Now and Then

"THE FEARS OF A GIRL AND THE HEART OF A WOMAN AND EVERYTHING IN BETWEEN. I'LL SWIM THIS OCEAN AND RIDE THESE WAVES. WHERE YOU ARE IS WHERE I WANNA BE, SO STAY WITH ME NOW AND THEN, FROM ALL SIDES HEM ME IN. SING ME A SONG SO I CAN CLOSE MY EYES." --SANDRA MCCRACKEN

Tuesday, March 20, 2007

For the last several months, I have been asking you to bring Dustin Salter, former RUF campus minister at Furman, and his family before the Throne of Grace. Yesterday afternoon, Dustin died after a four month struggle with a very traumatic brain injury he suffered while riding a bike only streets away from his home.

I never met Dustin or his family, but strangely, I have felt much sadness for them and have prayed fervently for his healing all these months. I hurt for his family, for RUF at Furman and at TCU, and for Redeemer Pres here in Greenville. As a friend of mine wrote shortly after Dustin's accident, "I don’t really know Dustin at all. He and his family just uprooted from Texas to come here. Yet, this week I’ve found myself wrapped in a blanket of sorrow. It’s refreshing in a way because it makes you feel real, like the velveteen rabbit, when you experience grief or sorrow not your own."

Dustin's accident and resulting death seem unexplainable. He was riding bikes with his children ... he was strong and healthy ... Yet, as his wife wrote, Dustin had "hit a bump in the road that brought dark providence" into their lives, forever changing him and their family.

I truly, in my heart of hearts, believed that God would heal Dustin. It seemed like the right thing, the only thing, for this man to return to his ministry and to preach again. Yesterday afternoon, I felt very much like the man who came to Jesus and begged for the healing of his son, yet Jesus's response to him was to "go home." (John 4:46-54) (What thoughts must have been running through his mind?) Yet, the same verse says,"The man believed the word that Jesus spoke to him and went on his way."

I don't think it was a coincidence that in Dustin's last sermon, only three days before his accident, he preached on the providence of God. In this sermon, Dustin said, "If we knew the horrors of the future we’d be paralyzed, unable to live today ... The guarantee is never an easy life. The guarantee is a changed life, which in the end is the best kind of life. One that changes us, more and more, into the image of Christ."

Although Dustin's ministry profoundly influenced hundreds, and although he was a phenomenal preacher, a great leader, and a loving husband and father, certainly his accident and death will reap a much greater harvest than Dustin had ever dreamed. Surely he did not know the impact, and comfort, his own words from that Sunday morning in November would bring to his wife, his children, and so many others. The providence that he preached of, that he believed in, and that he trusted with all his heart, was the "dark providence" of which his wife spoke in her letter. It was the same providence that secured Dustin's soul before the creation of the world and the same providence that held him fast and secure in the hour of death.
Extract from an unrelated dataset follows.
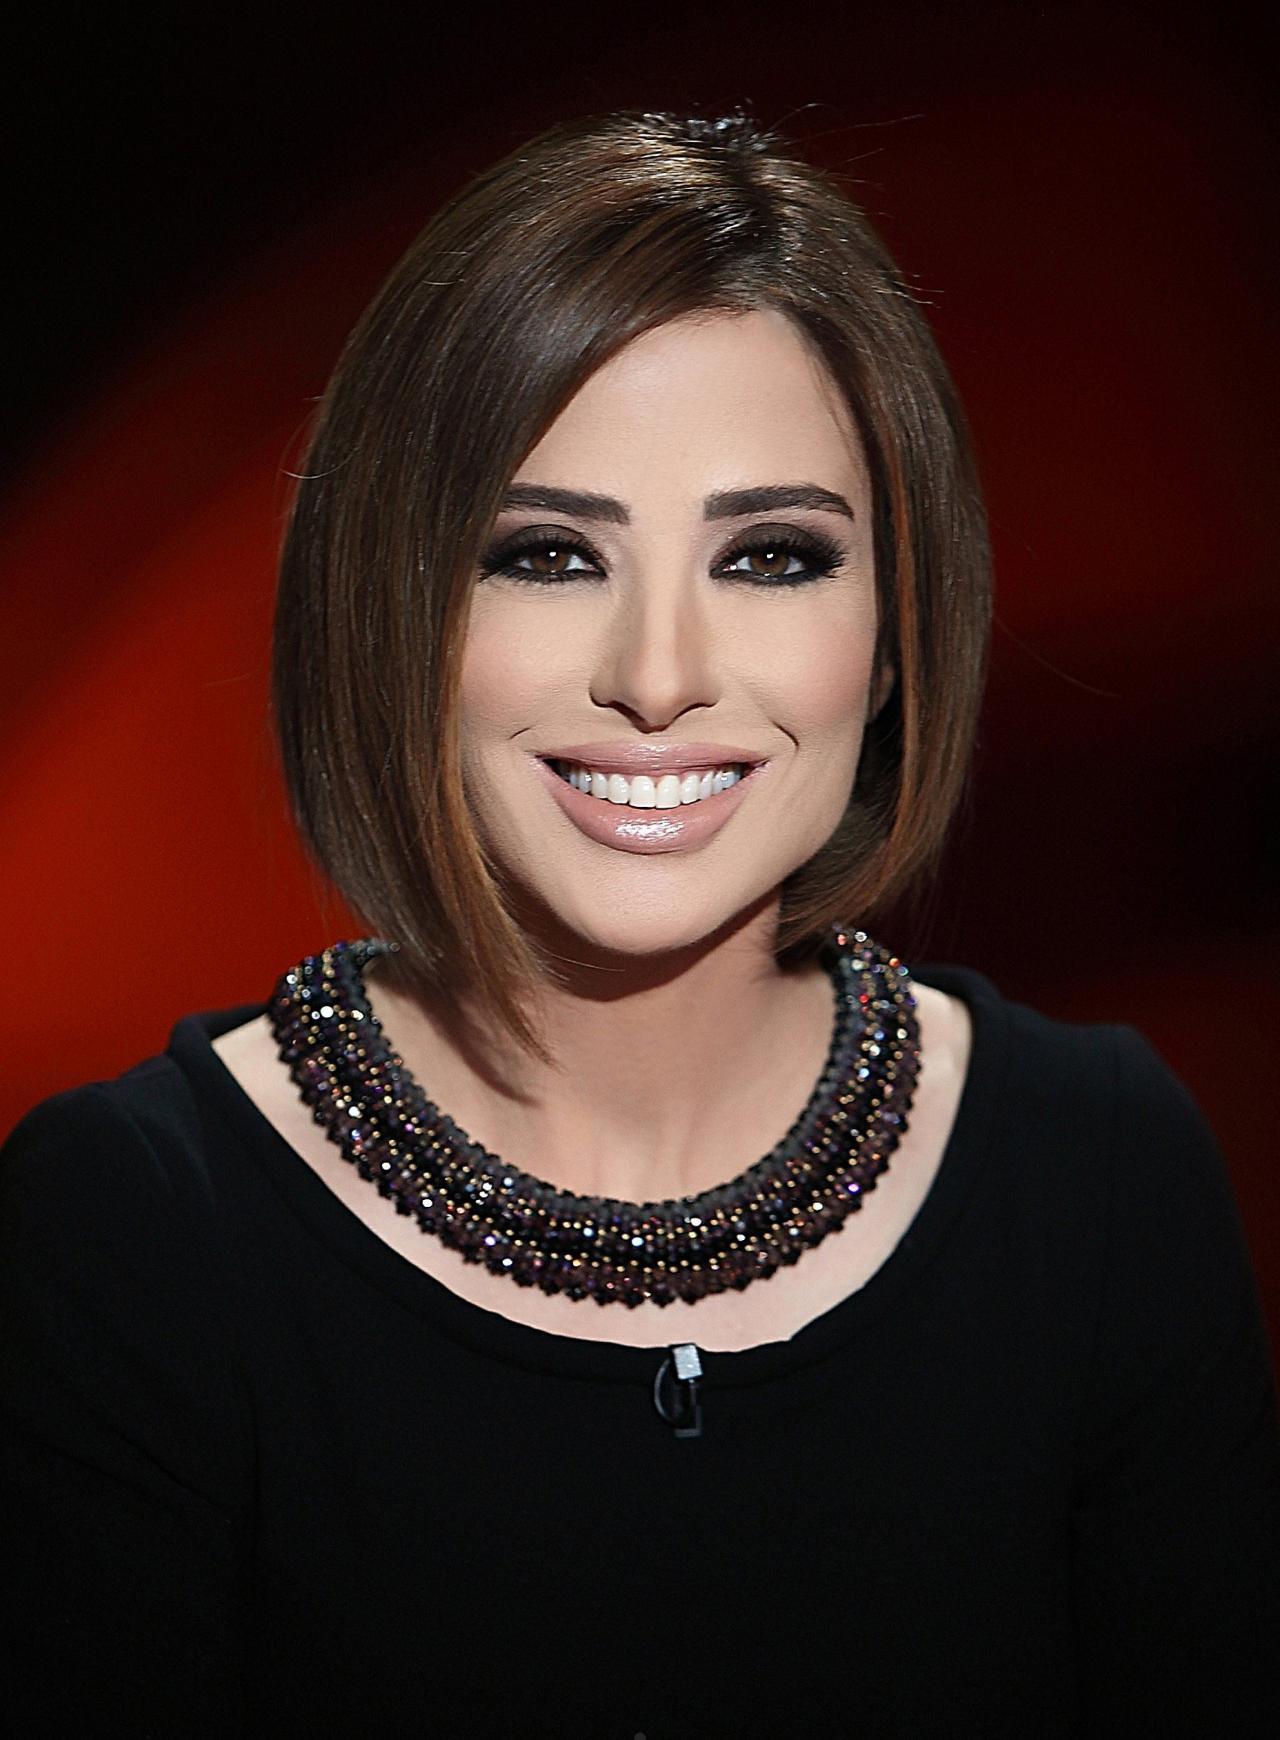 صورة وفاء الكيلاني بدون مكياج , جميلة بردو وفاء الكيلاني حلوة في كل حالتها

May we "believe the words that Jesus [has spoken]" to us as we pray for Dustin's family and as we live in the blessed reality of a Sovereign God who holds our every breath in His loving embrace.

2 Comments:

  • At 4:54 AM, Blogger Eowyn's Heir said…

    Thanks for the post on Dustin, Ashley.

    And... =D for the phonecall yesterday!!!! (that's a really big grin if you can't tell)

     
  • At 5:27 AM, Blogger Amy Donell Molina said…

    pictures????? can I see the ring? hear the story?.......we wanna know! :) love you ash.